In particular, I believe that it’s important to treat AI as a part of a toolbelt to solve real problems (as opposed to AI being a solution, and we try to find/create a “problem” to apply it to). So this project was born of the problem of helping engineers in adopting our new ClickHouse-based observability system. SQL was unfamiliar to many members of the team, especially when you throw in aggregating into p99 latency metrics and the like.

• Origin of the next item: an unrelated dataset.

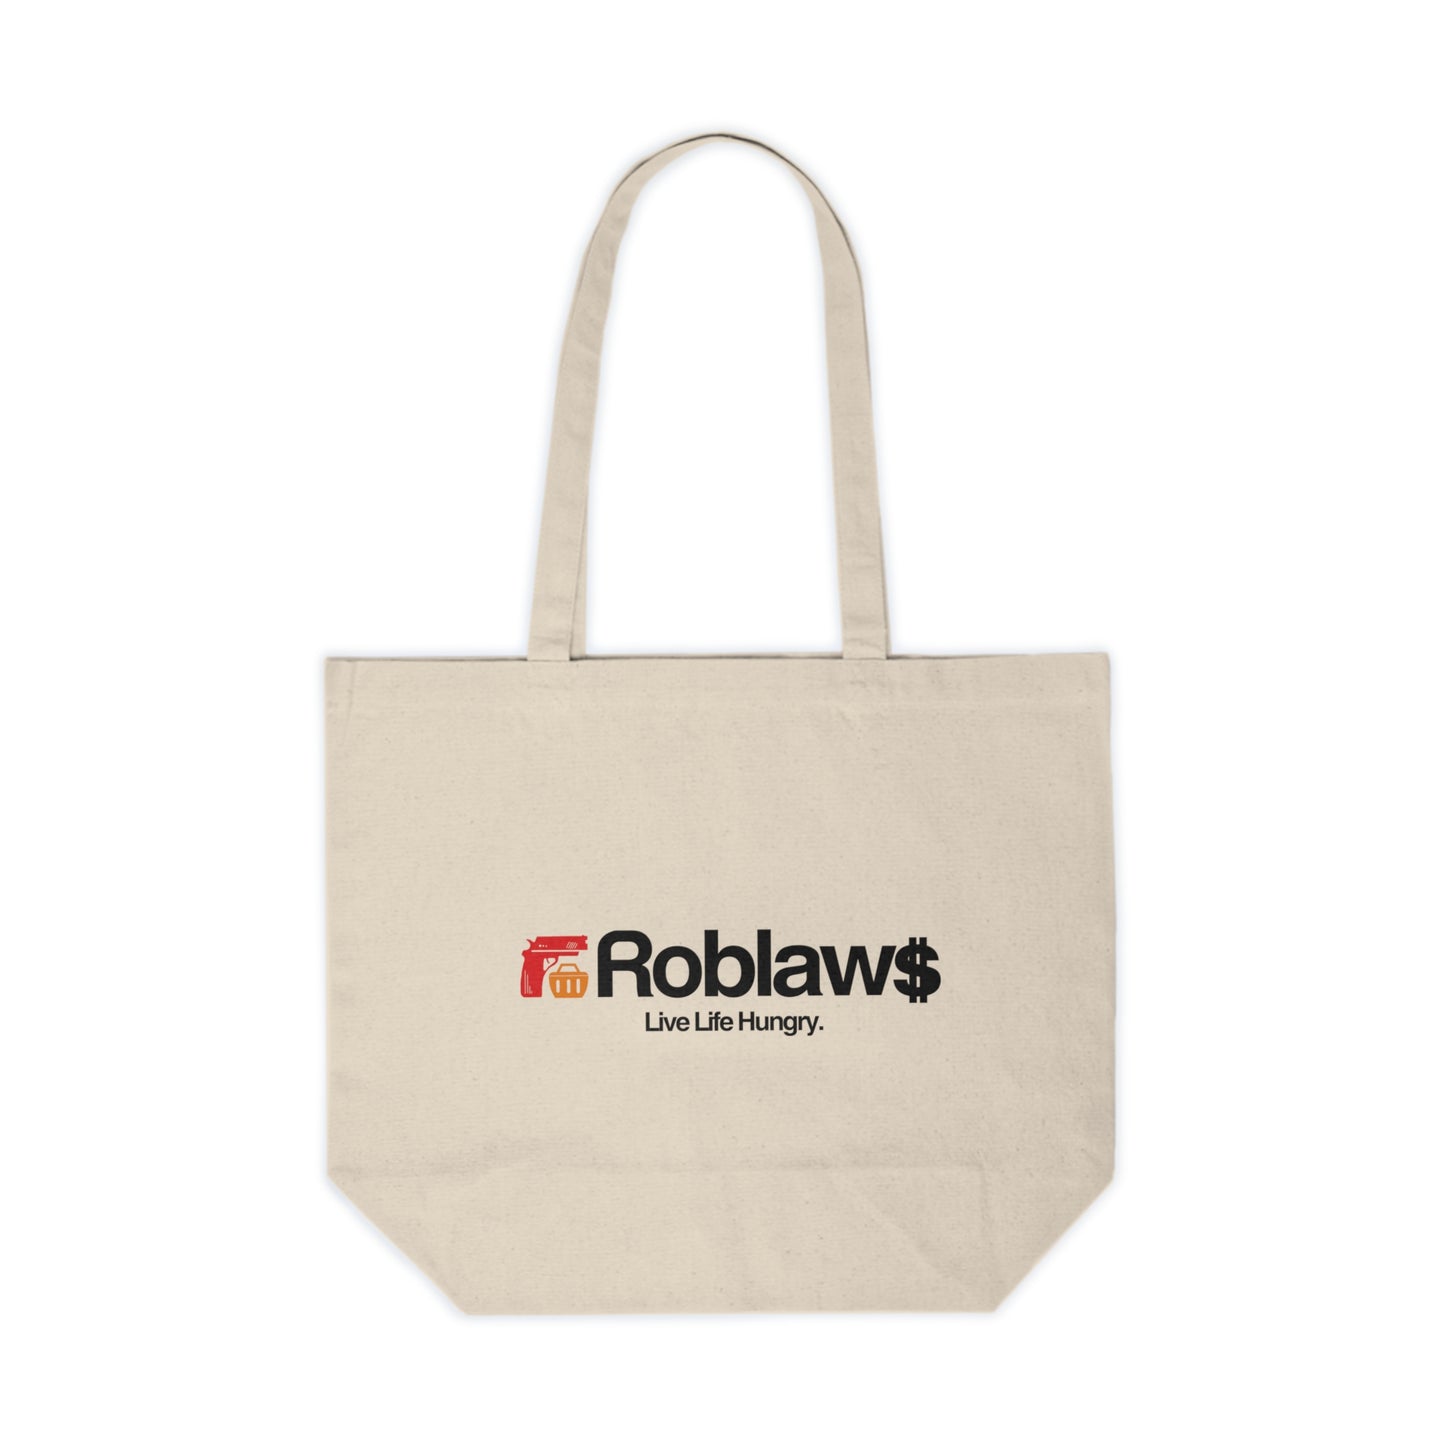 Roblaws Canvas Shopping Tote

It’s a run of the mill text-to-SQL implementation using a chatbox user experience. It’s only model customisation is a prompt that includes phrases like “You are an expert in ClickHouse” and “Generate a SQL query to solve the user’s question” alongside our table schemas. For bonus points I included a separate chat experience with a generic “you’re helping a programmer get their work done” prompt, to provide help with CLI tools, python etc. While simple, it’s still impressive how quickly I could put a useful solution together using Streamlit and a prompt.
The app uses Llama 3.3 70B hosted on watsonx (because I work at IBM). Smaller models seemed significantly worse at SQL; I suspect the larger model has just encoded more “knowledge” about SQL during its training.
I only got this deployed on a server in the last few days (learning some new Chef and a lot of new systemd features in the process). I’m waiting to see what uptake, if any, it gets. If it’s popular, it might be a useful jumping off point in my wider quest at work to show that we should be starting to treat AI functionality as another baseline tool, rather than feeling fancy about using it.
Overall I got a lot done and learned a lot in March. I wonder what April will bring.